• Records:
::::::

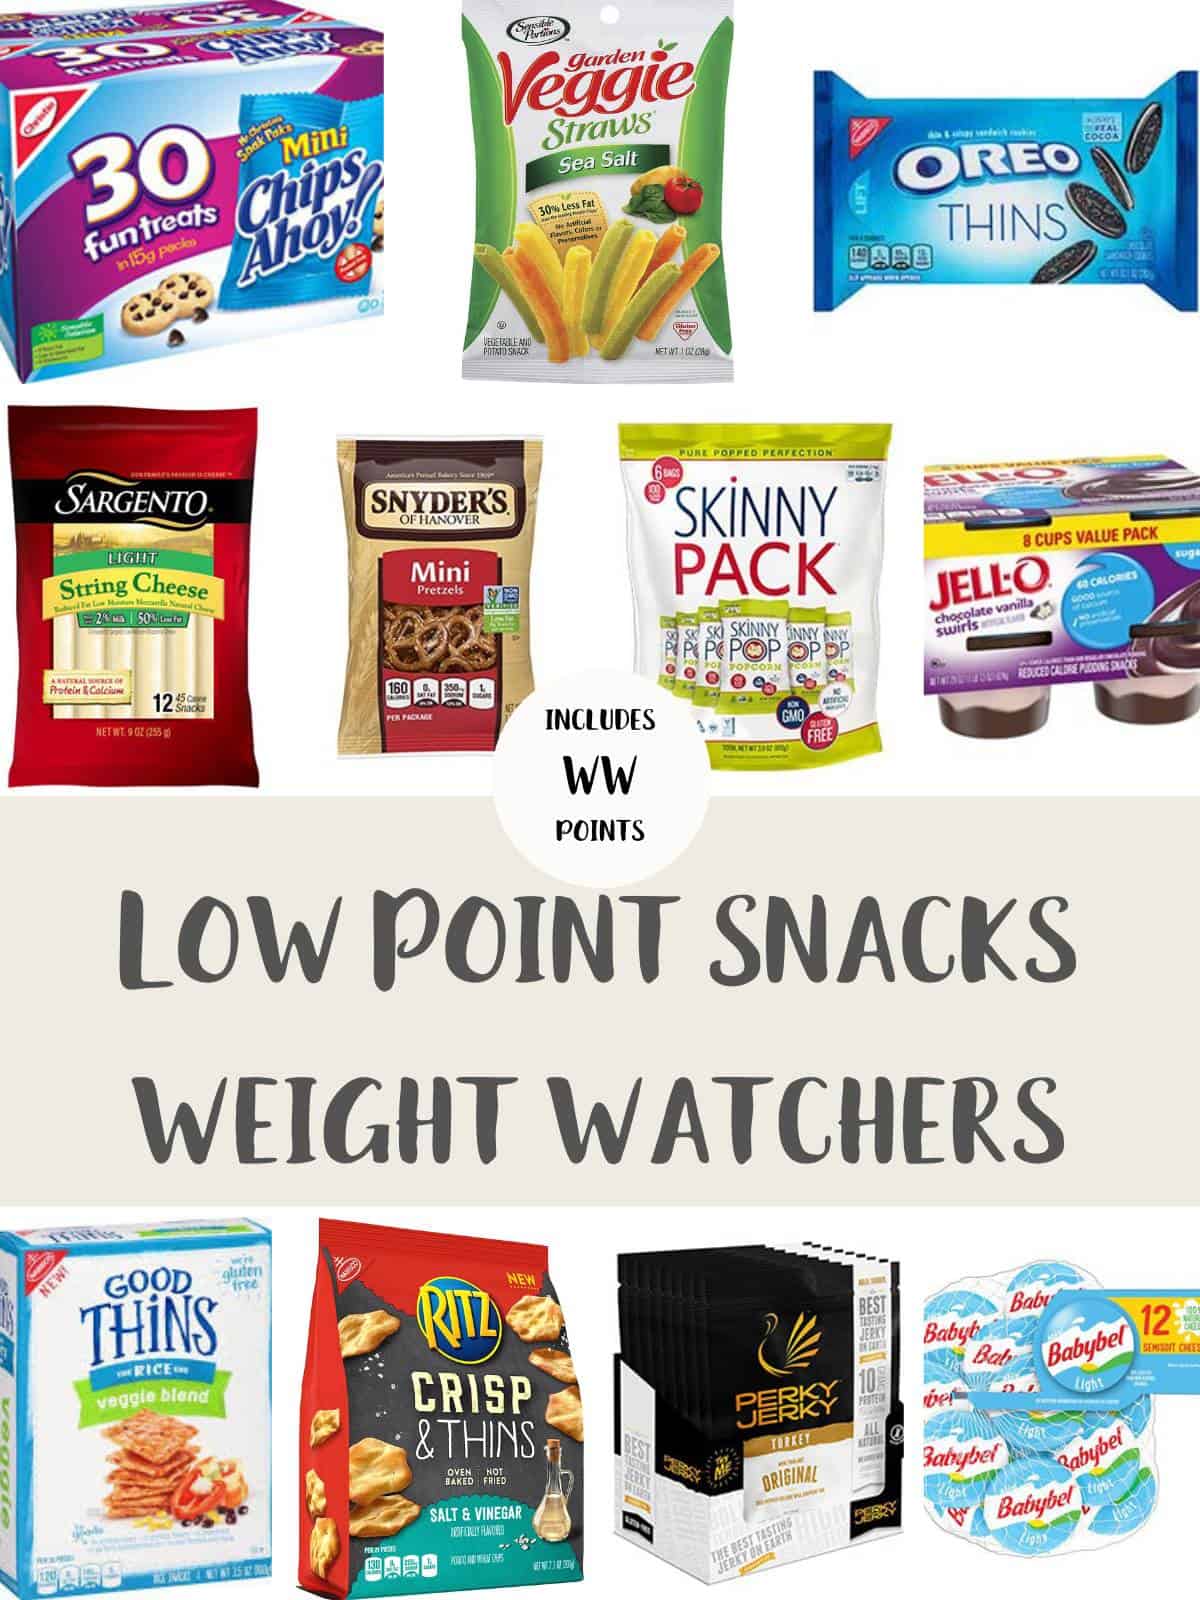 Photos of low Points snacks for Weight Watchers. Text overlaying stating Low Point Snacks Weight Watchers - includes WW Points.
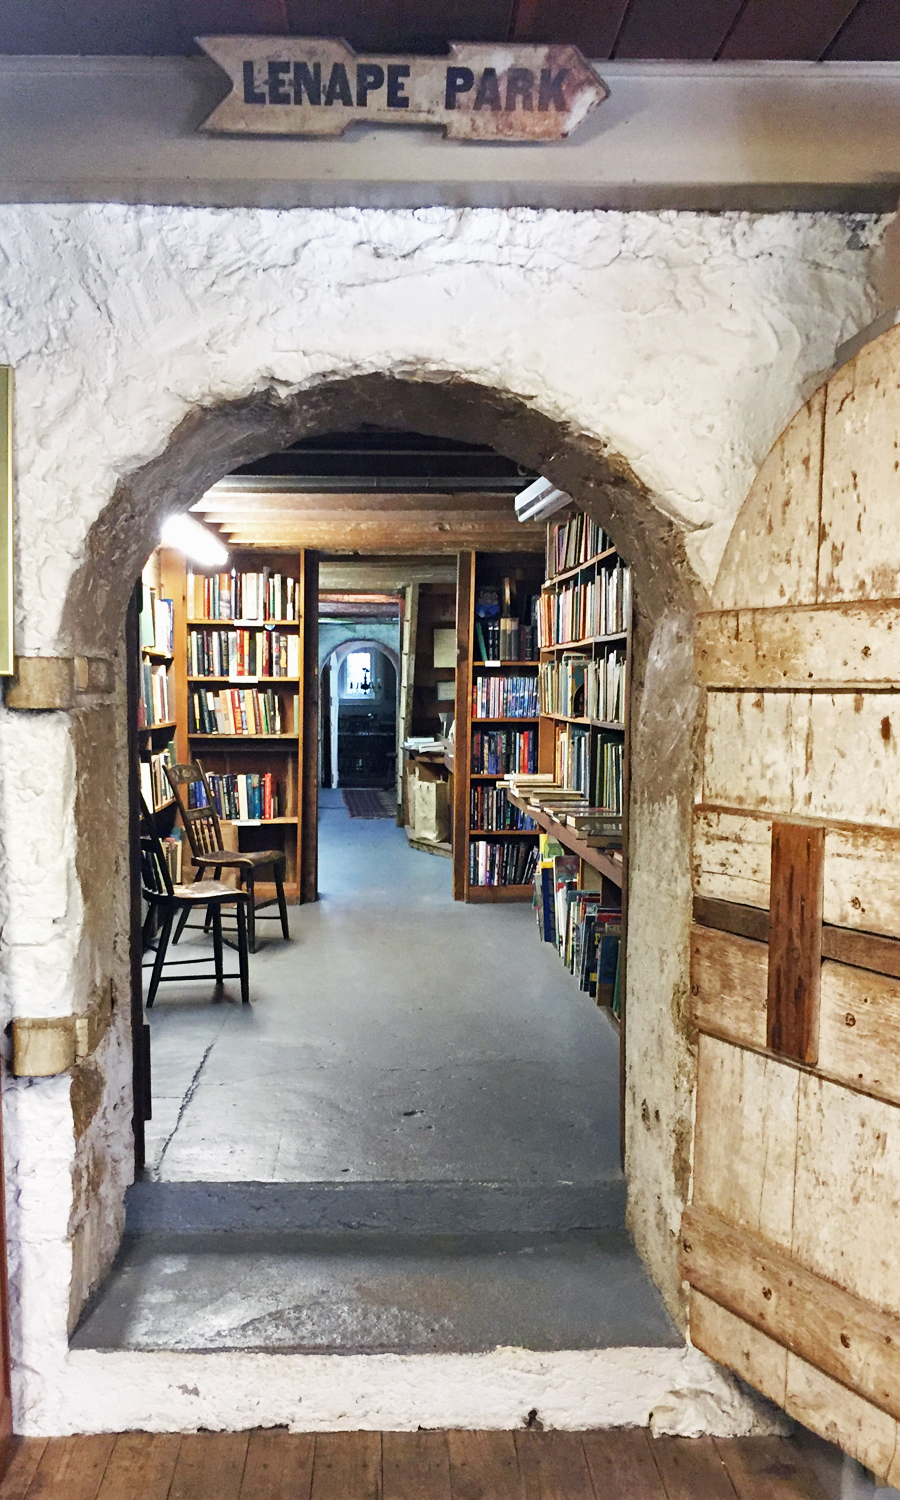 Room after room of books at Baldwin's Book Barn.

::::::

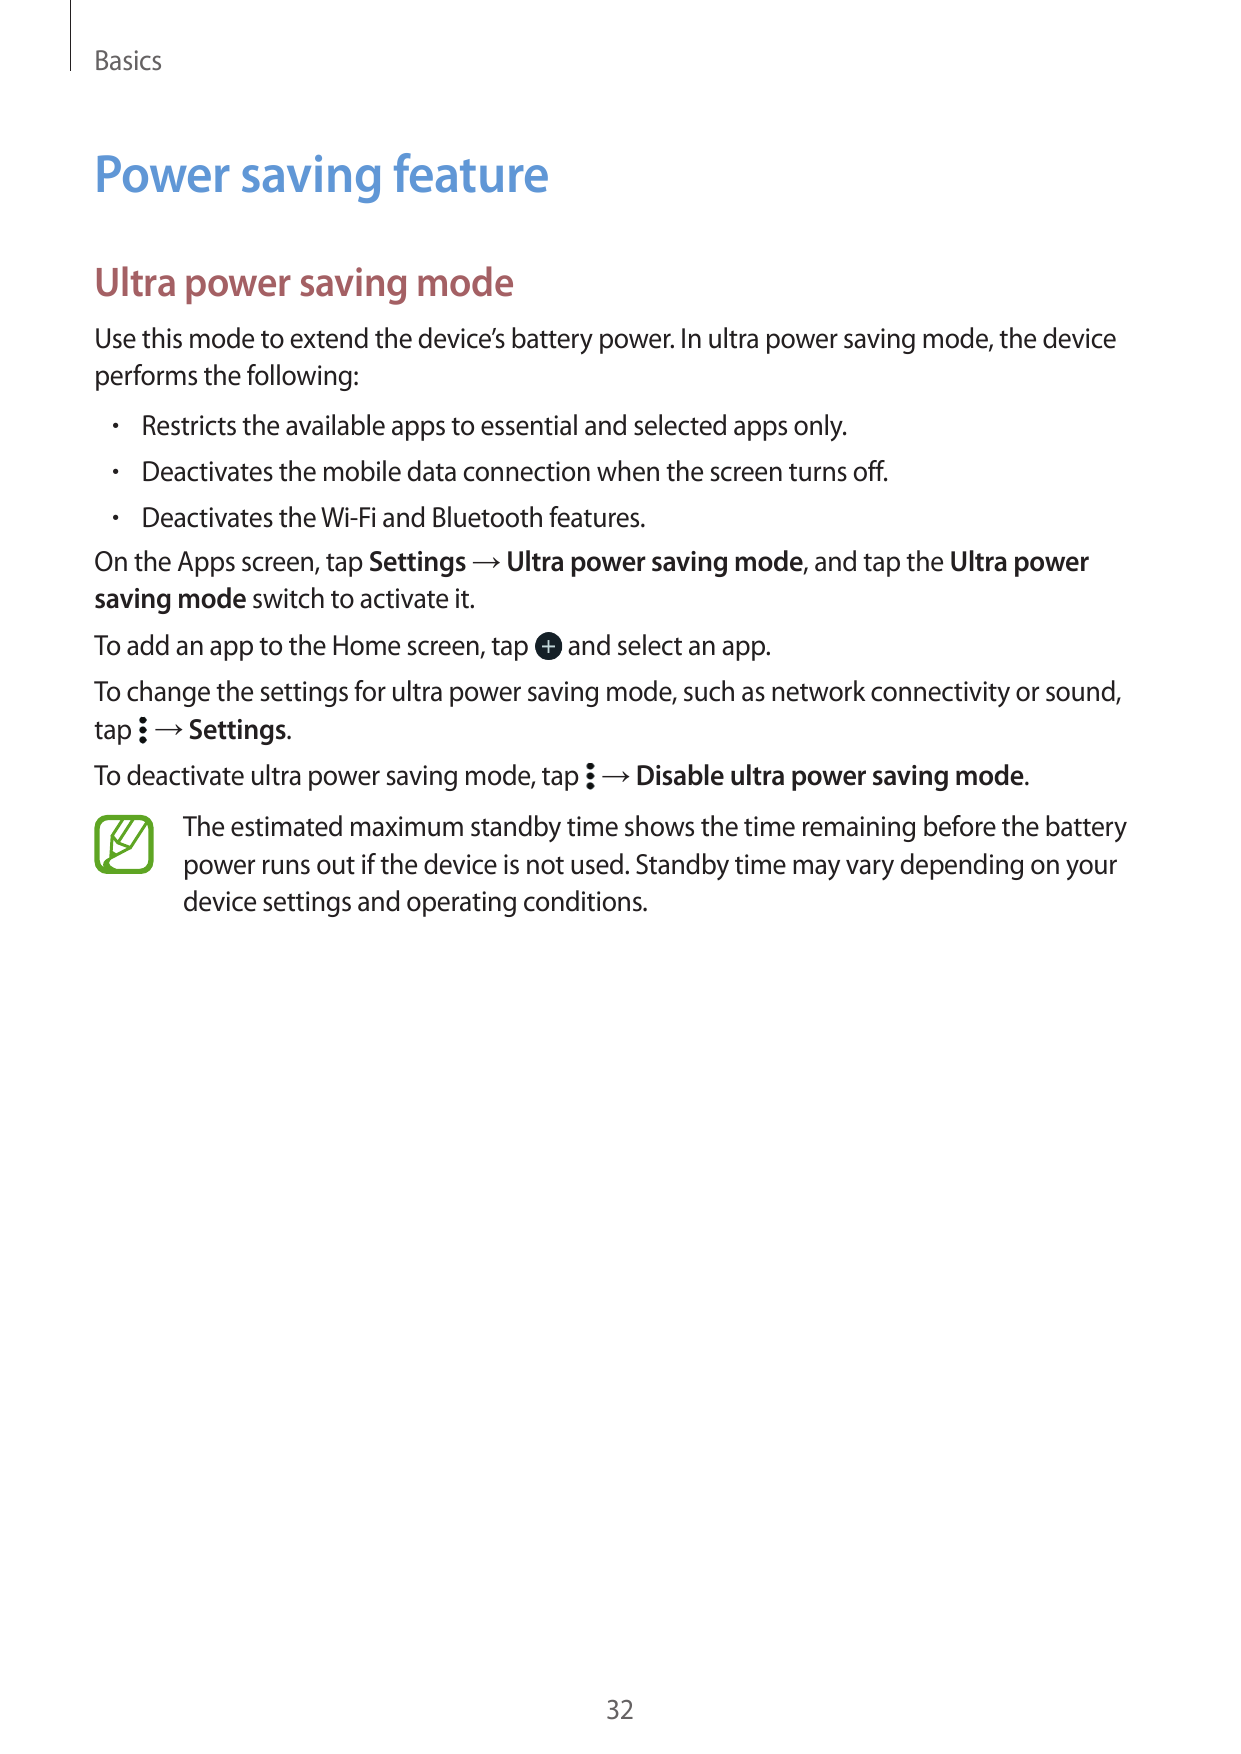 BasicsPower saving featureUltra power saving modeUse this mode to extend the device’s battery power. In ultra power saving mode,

::::::

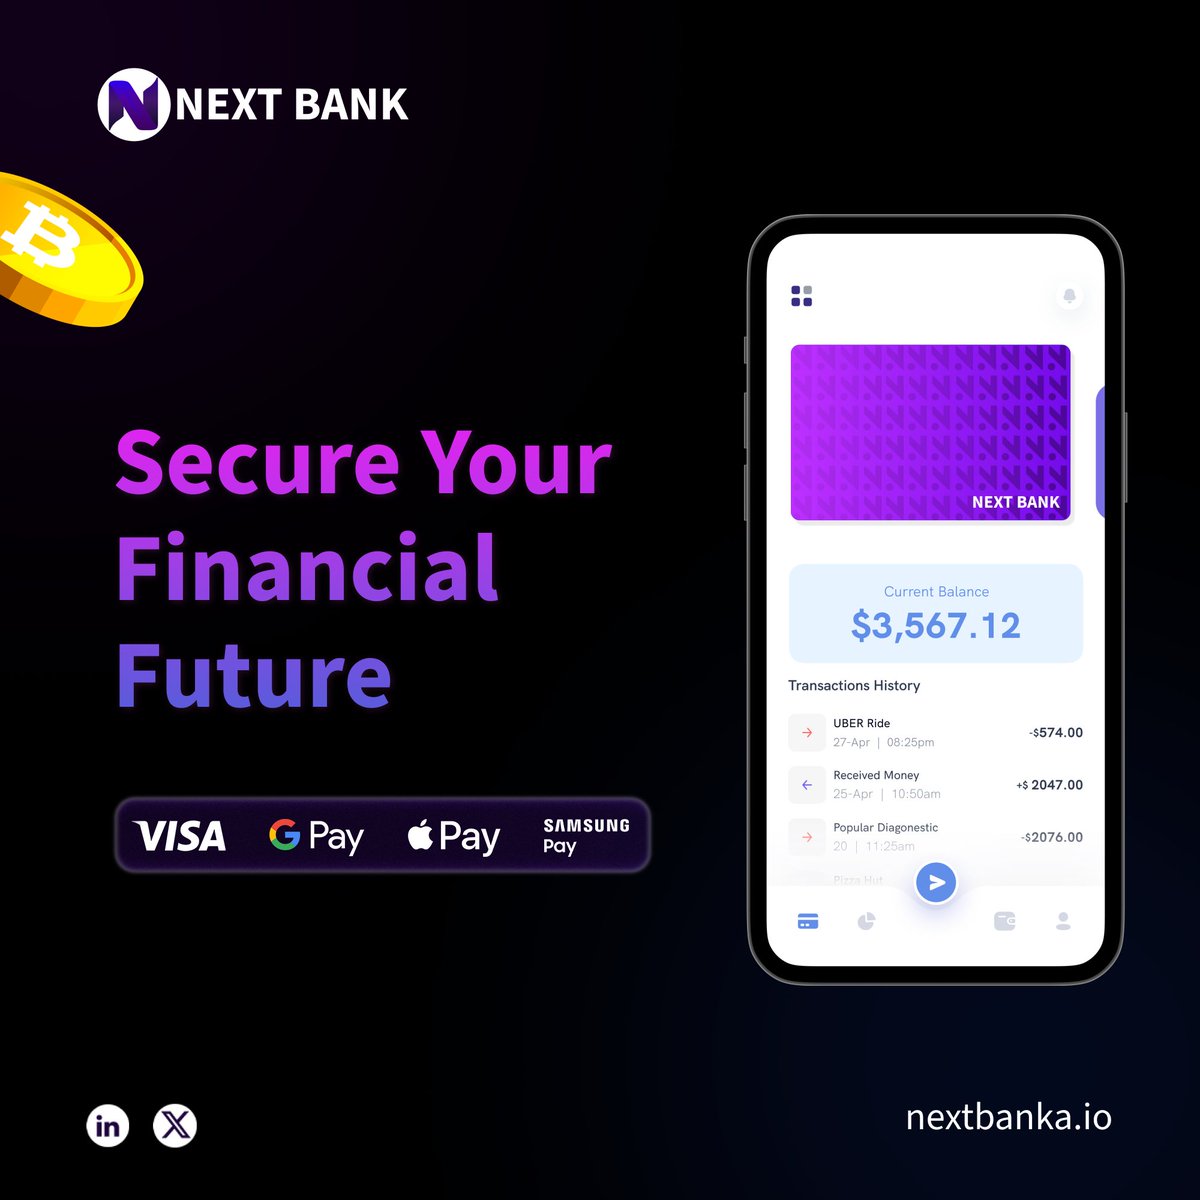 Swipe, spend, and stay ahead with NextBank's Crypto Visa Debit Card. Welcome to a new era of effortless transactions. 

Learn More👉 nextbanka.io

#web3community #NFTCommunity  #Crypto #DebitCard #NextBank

::::::

• Directions: Only the lines above from the one containing "Photos of low" through the one containing "Room after room" should be returned, verbatim and inclusive, with pictures excluded.

• Output for this exercise:
 Photos of low Points snacks for Weight Watchers. Text overlaying stating Low Point Snacks Weight Watchers - includes WW Points.
 Room after room of books at Baldwin's Book Barn.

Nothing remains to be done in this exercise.